Ok, so, I've tried making reduc_plus optab take two modes: that of the vector to reduce, and the result; thus allowing platforms to provide a widening reduction. However, I'm keeping reduc_[us](min|max)_optab with only a single mode, as widening makes no sense there.

I've not gone as far as making the vectorizer use any such a widening reduction, however: as previously stated, I'm not really sure what the input source code for that even looks like (maybe in a language other than C?). If we wanted to do a non-widening reduction using such an instruction (by discarding the extra bits), strikes me the platform can/should provide a non-widening optab for that case...

Testing: bootstrapped on x86_64 linux + check-gcc; cross-tested aarch64-none-elf check-gcc; cross-tested aarch64_be-none-elf aarch64.exp + vect.exp.

So, my feeling is that the extra complexity here doesn't really buy us anything; and that if we do want to support / use widening reductions in the future, we should do so with a separate, reduc_plus_widen... optab, and stick with the original patch/formulation for now. (In other words: this patch is a guide to how I think a dual-mode reduc_plus_optab looks, but I don't honestly like it!).

If you agree, I shall transplant the comments on scalar_reduc_to_vector from this patch into the original, and then post that revised version?


Cheers, Alan

Richard Biener wrote:
On Mon, Sep 22, 2014 at 3:26 PM, Alan Lawrence <alan.lawrence@arm.com> wrote:
Richard Biener wrote:

scalar_reduc_to_vector misses a comment.

Ok to reuse the comment in optabs.h in optabs.c also?

Sure.

I wonder if at the end we wouldn't transition all backends and then
renaming reduc_*_scal_optab back to reduc_*_optab makes sense.

Yes, that sounds like a plan, the _scal is a bit of a mouthful.

The optabs have only one mode - I wouldn't be surprised if an ISA
invents for example v4si -> di reduction?  So do we want to make
reduc_plus_scal_optab a little bit more future proof (maybe there
is already an ISA that supports this kind of reduction?).

That sounds like a plausible thing for an ISA to do, indeed. However given
these names are only used by the autovectorizer rather than directly, the
question is what the corresponding source code looks like, and/or what
changes to the autovectorizer we might have to make to (look for code to)
exploit such an instruction.

Ah, indeed.  Would be sth like a REDUC_WIDEN_SUM_EXPR or so.

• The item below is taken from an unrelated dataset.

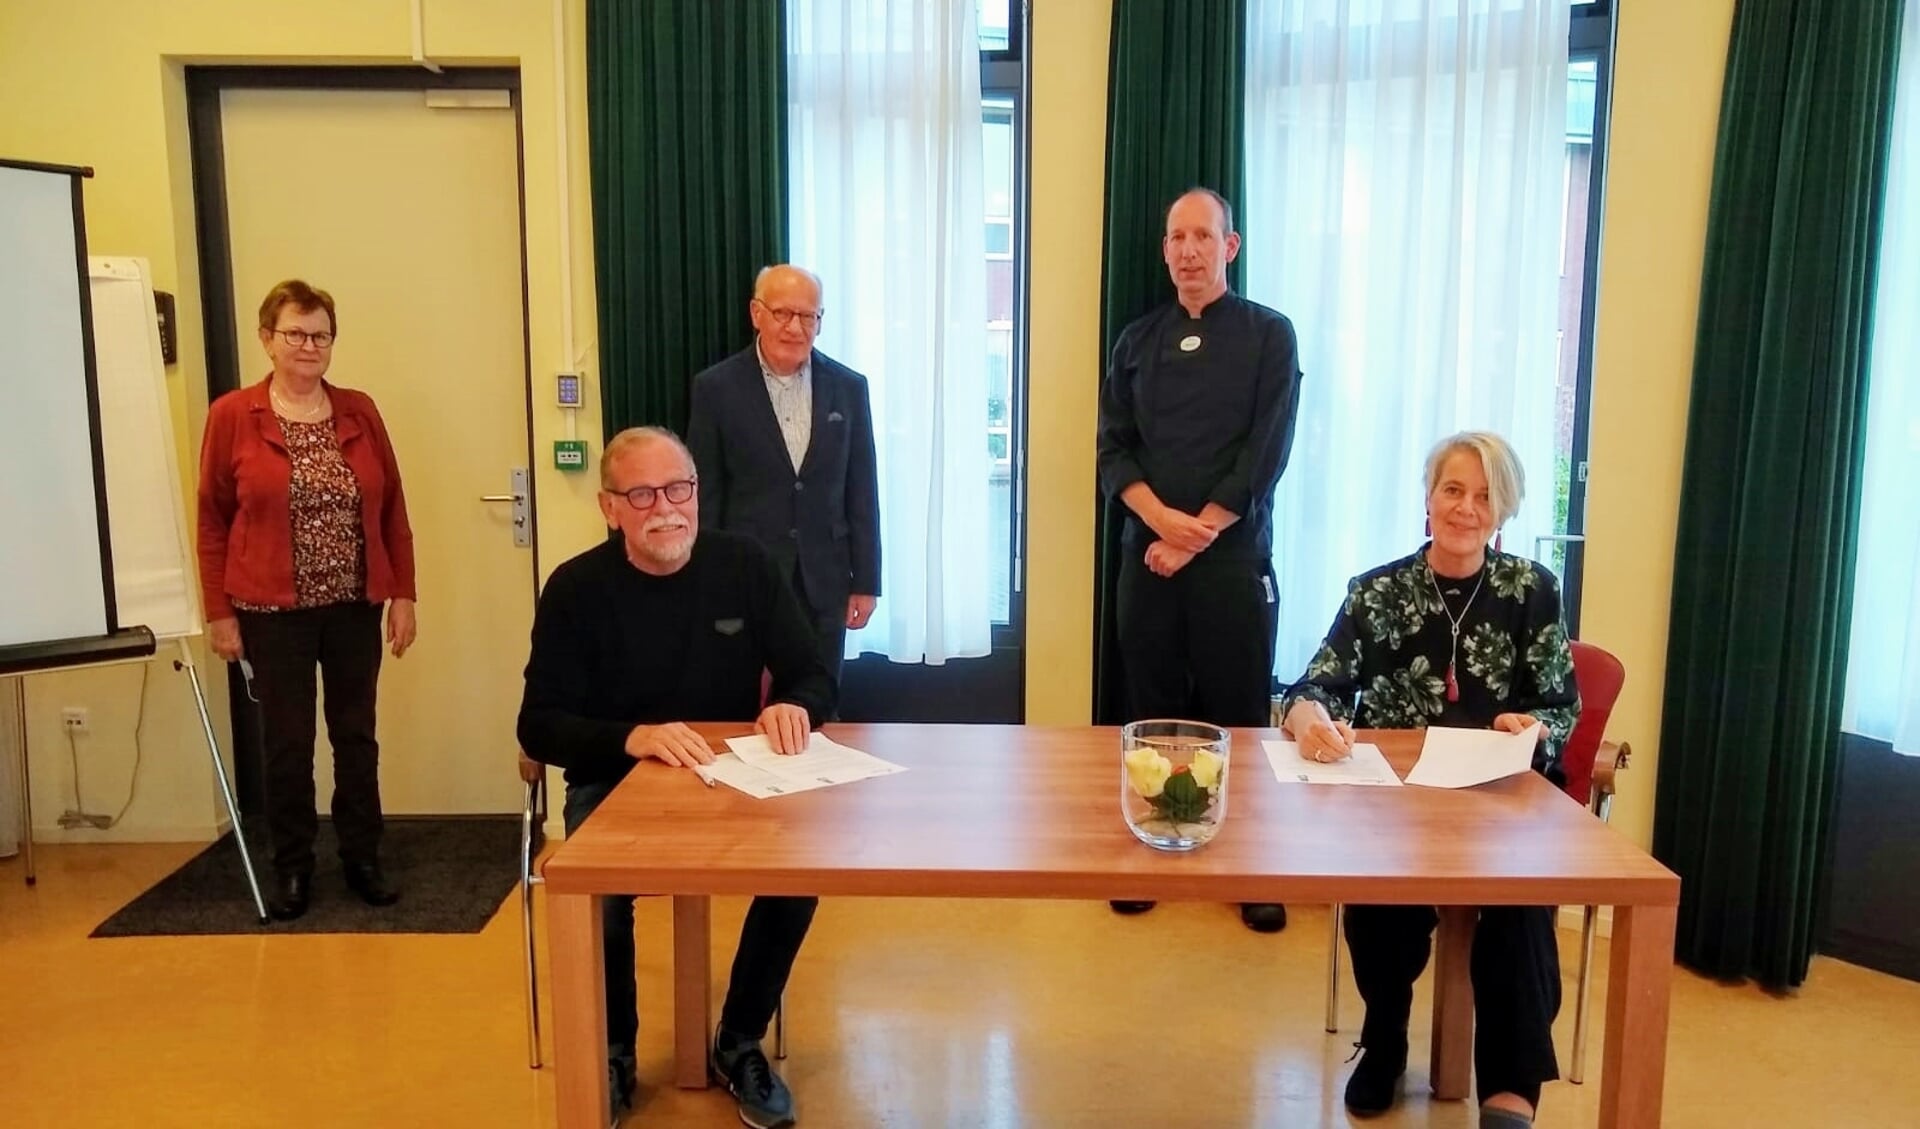 • De ondertekening, met van links naar rechts Dini Resseler (secretaris VHG), Johan de Kruijk (voorzitter VHG), Egbert Hamerpagt (penningmeester VHG), Barend de Zwart (souschef Present) en Janneke Louisa-Muller (bestuurder Present).

At this point I could go for a
reduc_{plus,min_max}_scal_<mode><mode> which reduces from the first vector
mode to the second scalar mode, and then make the vectorizer look only for
cases where the second mode was the element type of the first; but I'm not
sure I want to do anything more complicated than that at this stage.
(However, indeed it would leave the possibility open for the future.)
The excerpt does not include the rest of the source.